Here is a simplified savings equation.
SAVINGS = TOTAL INCOME -TOTAL EXPENSES
You can clearly see that how much you spend directly affects your savings. The trick with saving money is that you must try to minimize your expenses which directly increases how much you save.
Here is a list of common expenses for a typical household.
- Rent or mortgage if your house is not fully paid off
- Tax on your property
- Cable
- Phone
- Electricity
- water
- Insurance (health, house, and auto)
- Homeowner’s Insurance
- Auto loans
- Gas
- Credit card debt and other loans
- Food and related shopping
- Kids toys
- Movies (Netflix, Hulu, Amazon Prime, Disney, Redbox, etc.)
- Video games (your online subscriptions, 360 Xbox, play stations, etc)
- Restaurants
- Miscellaneous
Depending on your lifestyle, you might have more or less than the expenses listed here.

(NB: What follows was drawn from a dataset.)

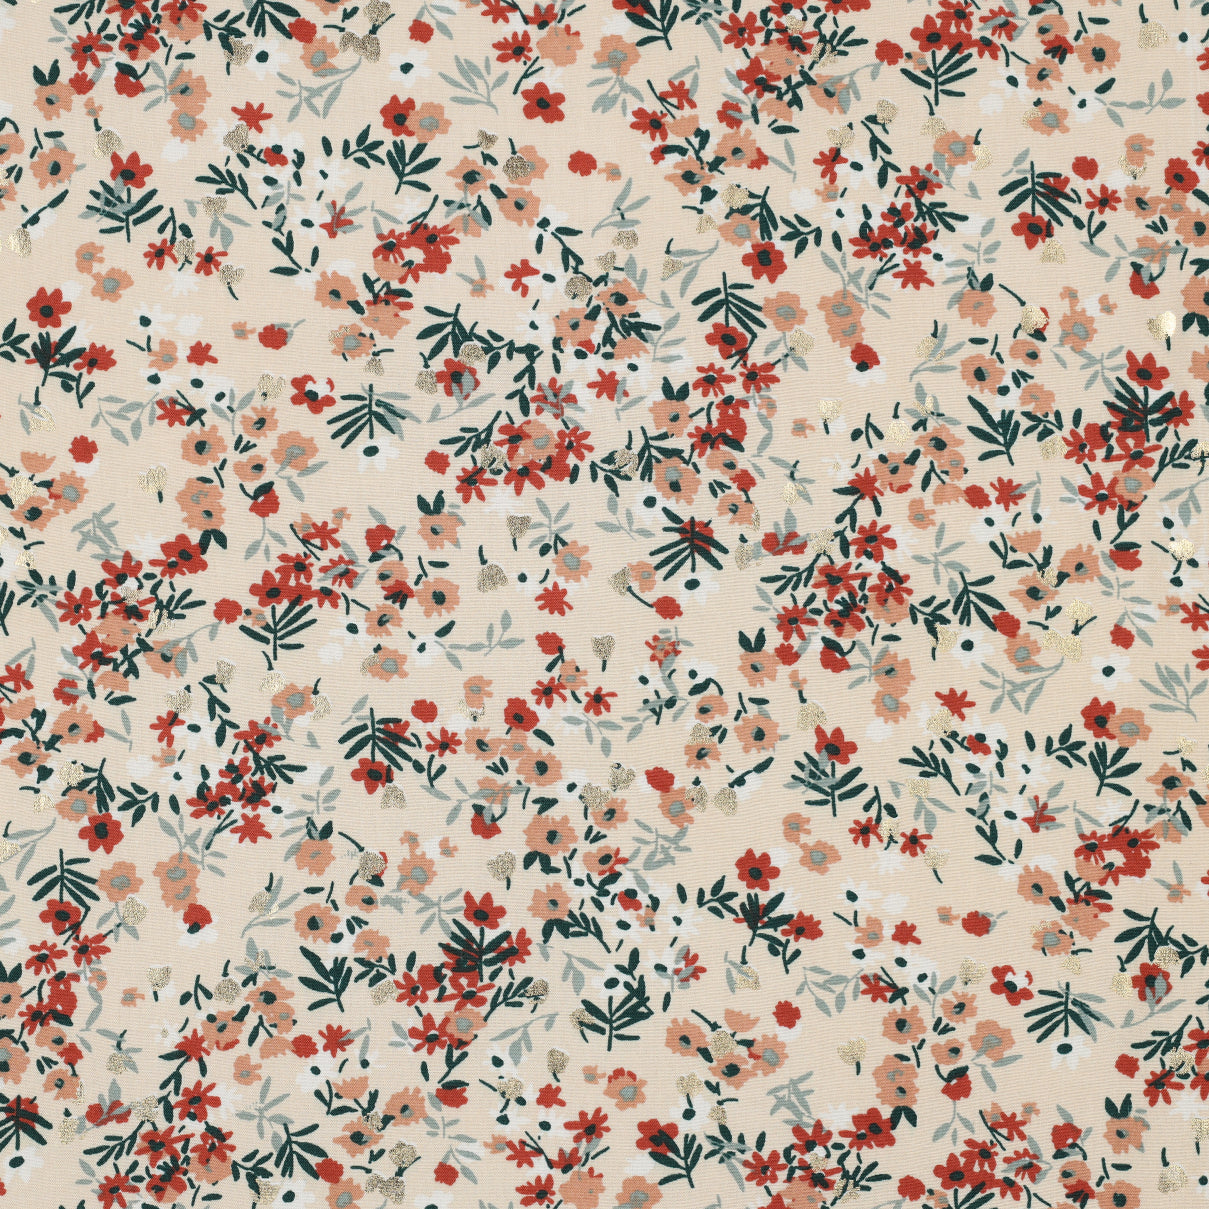 REMNANT 0.48 Metre - Sparkle Flowers on Beige Viscose Fabric

After estimating how much you make on each expense, go ahead and calculate the total amount you spend on a monthly basis. That is add every penny you spend and find your total expense.
The goal is to keep your total expenses lower than your total income which is not what most people do. According to this recent study from LendingTree, 60% of Americans live paycheck to paycheck. In other words, people are living lifestyles they cannot afford or are not saving enough which leads to excessive borrowing.

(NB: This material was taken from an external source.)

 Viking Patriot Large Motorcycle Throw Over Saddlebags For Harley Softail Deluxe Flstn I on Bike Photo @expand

By tracking your spending, you can easily avoid the same fate and take control of your finances.
Step 3: Create a budget and stick to it
At this time, you have two most important numbers to worry about: (1) your total income and (2) your total expenses.

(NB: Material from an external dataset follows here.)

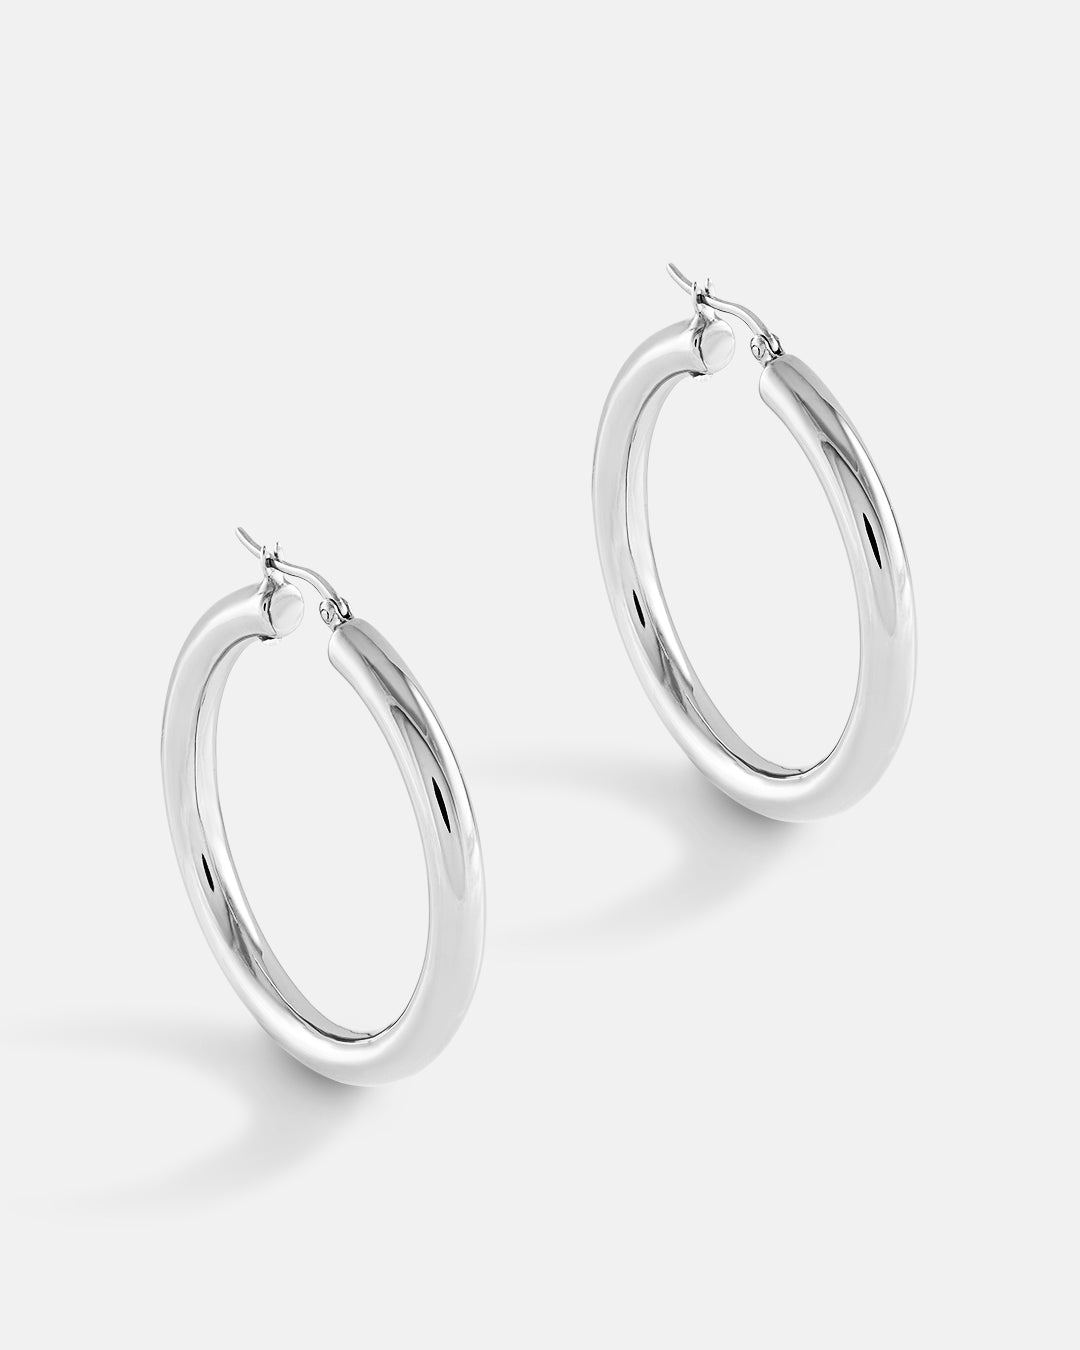 This is the product picture of a classic hoop earrings plated in white gold in sterling silver material

Next, you are going to create a budget.
The reason you need to create a budget is to compare side by side what your income is and all expenditures. This way, you will be able to notice unnecessary expenses you can cut down and those you can eliminate completely.
Your budget will also help you decide on expenses that need more attention than others.
It is critical to understand that you cannot save money without cutting down your expenses. This is why you need to create a budget and figure out how to reduce your expenses at the same time.
You can use online budgeting websites, and apps, or create your own Excel spreadsheet. What matters is not the platform you use. Instead, is how you follow what is written in your budget.
It is a good idea to organize your expenses in a way that makes it easy for you to understand. Whether you organize your expenses by category, needs, or wants, it should make sense and be easy for you to understand and follow.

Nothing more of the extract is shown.